Incorporations are packages that only depend on other packages. They provide no filesystem content of their own.

We use as few incorporations as possible. They have proven to cause at least as many problems as they purport to solve. Primarily they are supposed to prevent upgrading to package versions that create incompatibilities with other installed software. This is particularly important for shared libraries. We intend to solve that problem differently, by bringing in the most current versions of software for the first release (2012) and maintaining those versions for the lifetime of that release. This is similar to the strategy used by CentOS and other enterprise Linux vendors.

That said, incorporations are still useful to keep together the set of packages that constitute a stable release, e.g. “r151004”.

entire

Governs which packages are installed on every system. This is the minimal set for running an OmniOS system.

illumos-gate

Constrains the version of all packages delivered by the upstream illumos-gate source. Contains only dependencies of type “incorporate”, which is an optional dependency.

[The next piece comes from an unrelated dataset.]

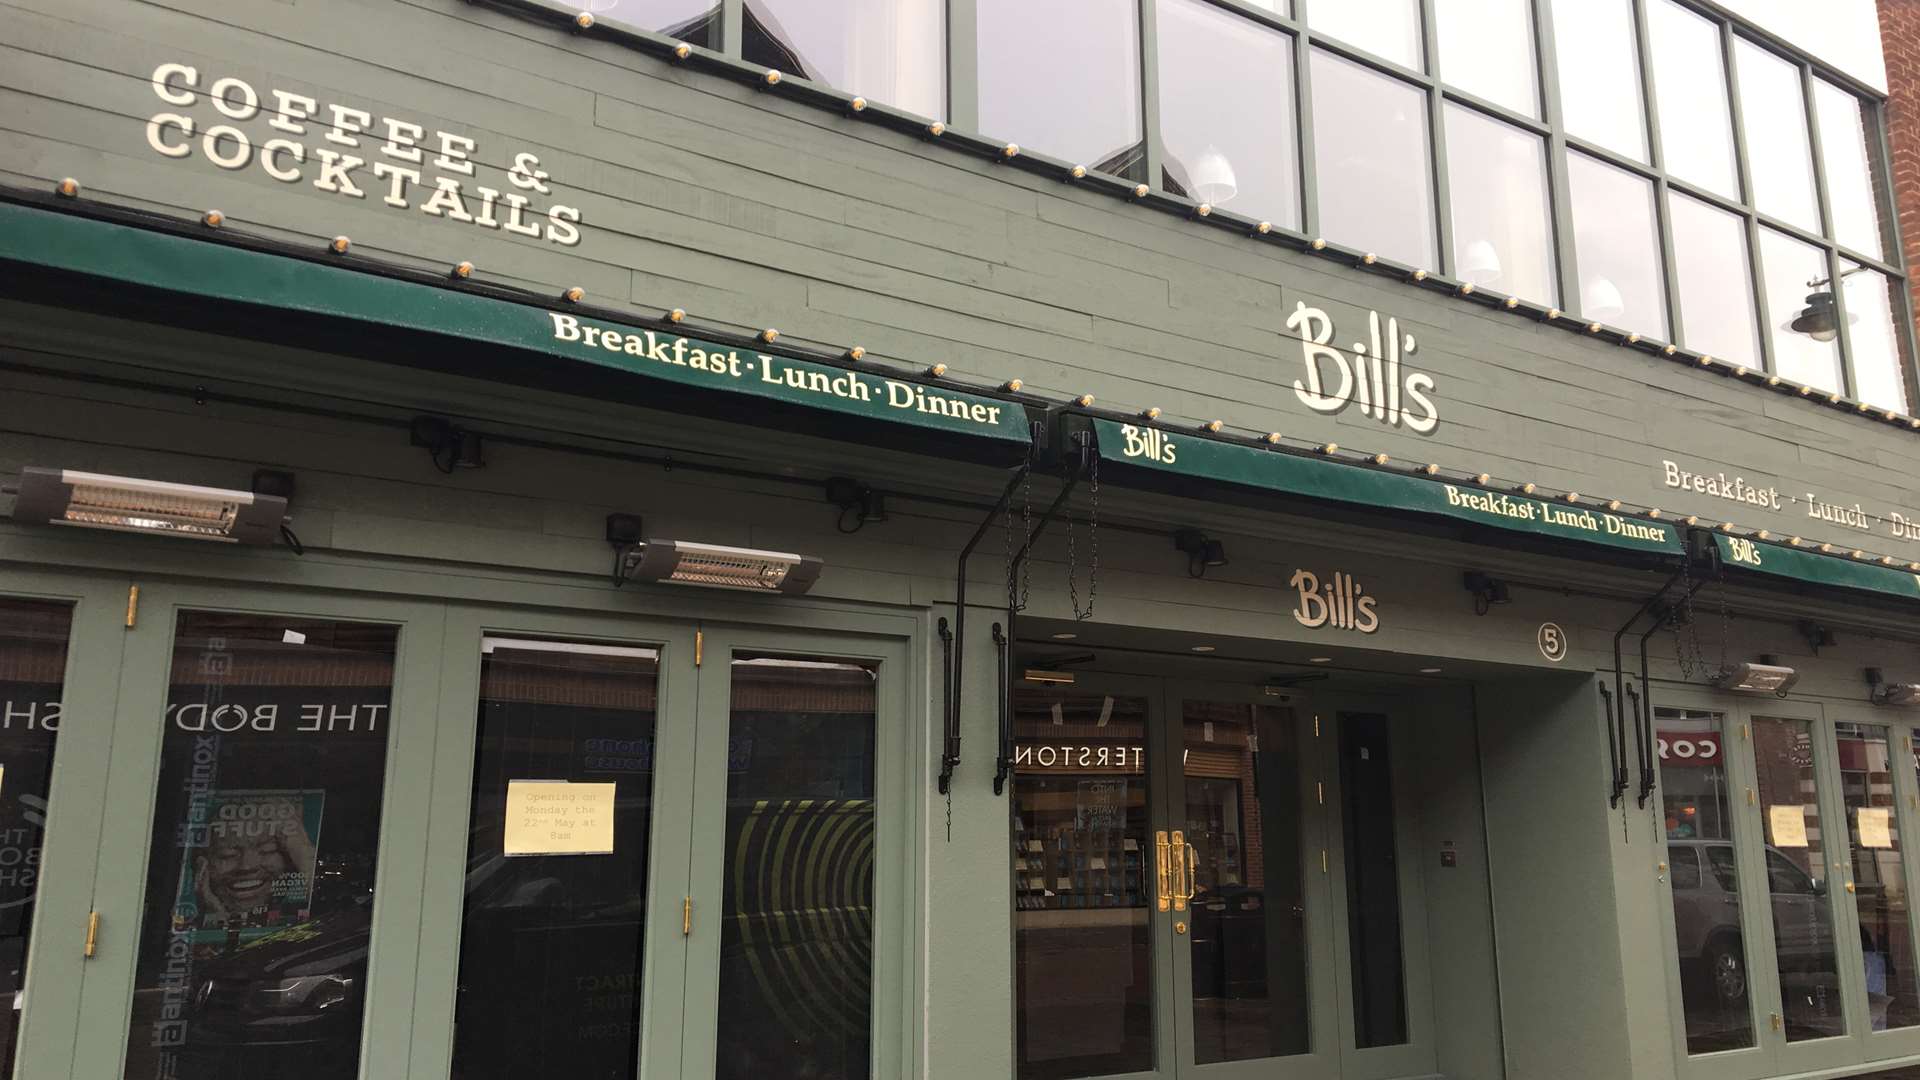 Bill's Restaurant will open its doors on Monday
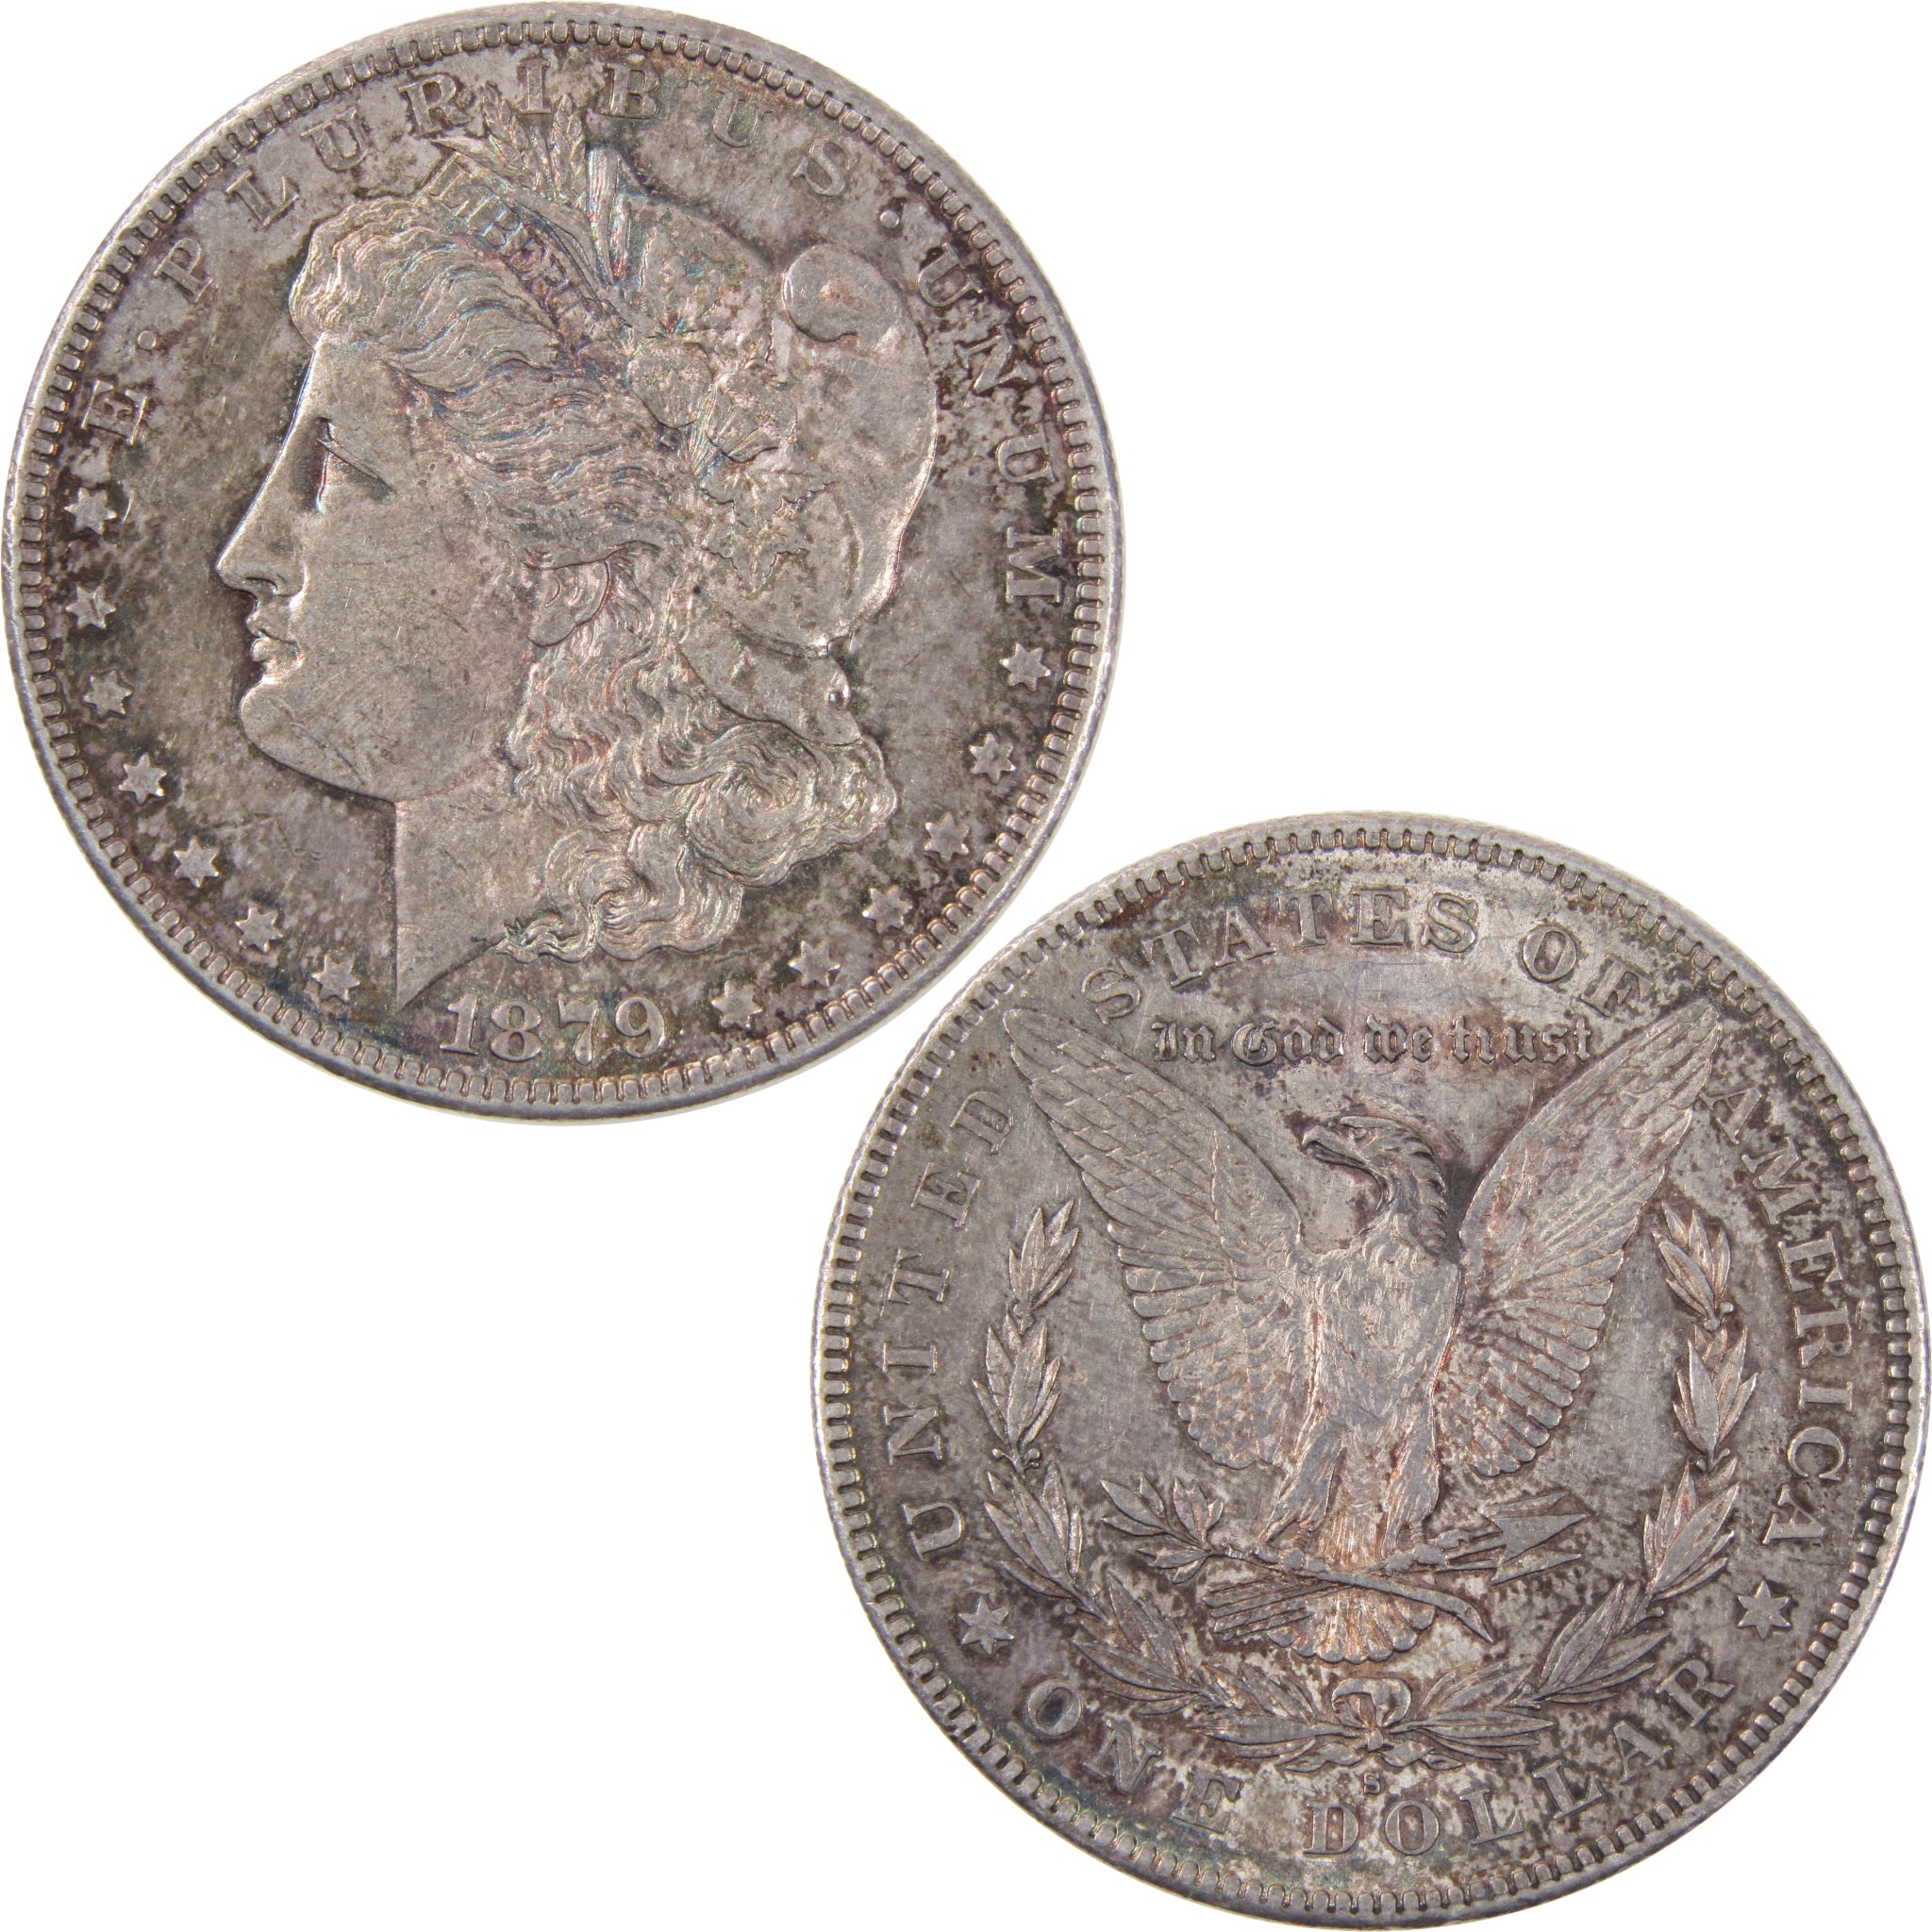 1879 S Rev 78 Morgan Dollar CH AU Choice About Uncirculated SKU:I2494 - Morgan coin - Morgan silver dollar - Morgan silver dollar for sale - Profile Coins &amp; Collectibles

Installing illumos-gate does not cause all dependent packages to be installed, but if they are installed at some point, their version is constrained to the degree specified in the dependency.

depend fmri=system/management/intel-amt@0.5.11,5.11-0.151004 type=incorporate

The above constrains the intel-amt package to version 0.5.11,5.11-0.151004:*. This excludes, for example, versions 0.5.11,5.11-0.151002:* and 0.5.11,5.11-0.151005:*, but permits updated versions that match up to the branch (0.151004) but bear more recent timestamps.

omnios-userland

New incorporation for r151004 that performs the same function as illumos-gate but for the additional software provided by OmniOS.

Major Updates

These were the highlights of the initial stable release (r151002):

  • GNU binutils 2.22
  • GCC 4.6.3 (for user-land)
  • OpenSSL 1.0.1
  • python 2.6 only (dual 32/64)
  • perl 5.14.2 (dual 32/64)
  • zlib 1.2.6
  • libxml2 2.7.8

While we took build hints from Oracle's still-open “userland-gate” repo, such as patches and configuration options, we do not use any of userland-gate's build plumbing.

High-Level Components

The major pieces that come together to make OmniOS are as follows. Hit “Browse” in the top menu bar to explore the actual sources.

illumos-omnios

Our copy of illumos-gate, minimally modified to support things like dual-arch Python, newer OpenSSL.

caiman

The installer used for CD/USB media. “Project Caiman” is a replacement for the traditional Solaris installer, incorporating features like Live CD/DVD and an updated GUI. Given our goal of a simplified, stripped-down install, we kept only the bare essential text install pieces and eliminated the rest. We also modified it to run under our dual-arch Python in much the same way as pkg(5).

pkg(5)

pkg provides the IPS pkg toolchain. The upstream build provides only 32-bit python native extensions which is problematic with our dual 32/64-bit python build. Our fork of pkg alters the build system to build the native extensions on both architectures and removes GUI-dependent components leaving the bare minimum required for complete IPS packaging (including the branded zone).

kayak

An alternative to Solaris 11's Automated Installer (AI). Features a simple, extensible configuration syntax (a.k.a bash) and delivers the installation as a ZFS stream.

Notable features not found in AI:

  • Mirrored boot pool (simple mirrors only)
  • compression=on for rpool by default

See the network installation section for more details.

omnios-build

Build scripts that tie together the above pieces and also provide the rest of the packages.